For a few days recently President Reagan's budget-cutting plan and the war in El Salvador were edged out of the headlines by a new round of developments in relations between the United States and the Soviet Union. It all began when Soviet Premier Leonid Brezhnev decided to counter the increasingly tough Cold War rhetoric of the U.S. with the one kind of Soviet threat that Ronald Reagan and Alexander Haig don't know how to deal with. He threatened to negotiate.
Brezhnev's "threat" came in his speech at the Soviet Party Congress in late February and was repeated in a series of articles in the Soviet press and in a personal letter to all the western European heads of state. In these statements Brezhnev called for a summit meeting between himself and Reagan, the reopening of the SALT talks, and a moratorium on the deployment of new medium-range missiles in Europe.

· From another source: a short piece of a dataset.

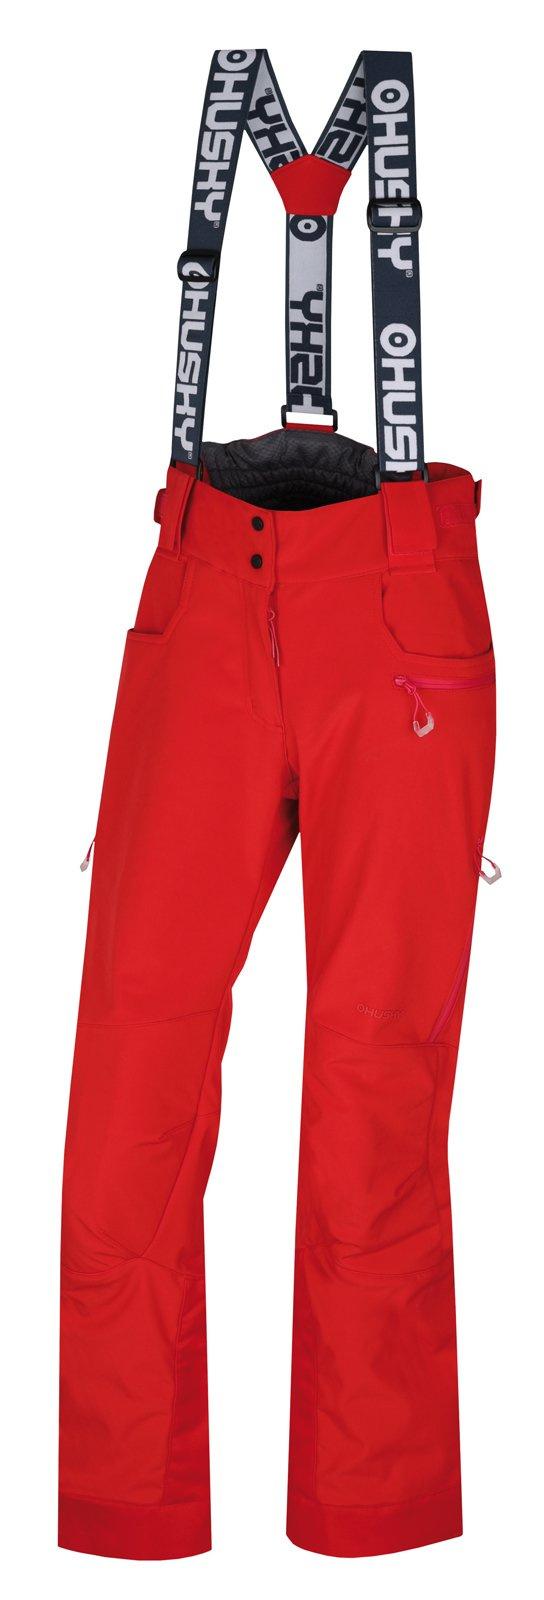 Husky Galti L jemná červená, XL Dámske lyžiarske nohavice

All of Brezhnev's proposals reflected Soviet self-interest. The Soviet economy cannot afford to keep up with another major round of military escalation, and at a time when events in Poland and Afghanistan have the USSR standing very low in world opinion there is a great deal of propaganda value to be had in appearing to be the superpower that wants peace. But even assuming the worst about Brezhnev's intentions, the Reagan administration's non-response has been disturbing.
Reagan has flatly rejected the call for a summit, saying that any such meeting could only be held after the Soviets change their policies regarding Afghanistan, Poland, Africa, and Central America.